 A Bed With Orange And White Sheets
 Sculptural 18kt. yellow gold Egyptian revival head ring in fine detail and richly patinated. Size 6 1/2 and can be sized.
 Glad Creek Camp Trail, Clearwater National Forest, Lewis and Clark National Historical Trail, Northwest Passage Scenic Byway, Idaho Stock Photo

+-------+

▶ **Aim of the exercise**:
Output only the lines that run from the one containing "Sculptural 18kt. yellow" through the last line of the material above, both included.

▶ **Result of the exercise**:
 Sculptural 18kt. yellow gold Egyptian revival head ring in fine detail and richly patinated. Size 6 1/2 and can be sized.
 Glad Creek Camp Trail, Clearwater National Forest, Lewis and Clark National Historical Trail, Northwest Passage Scenic Byway, Idaho Stock Photo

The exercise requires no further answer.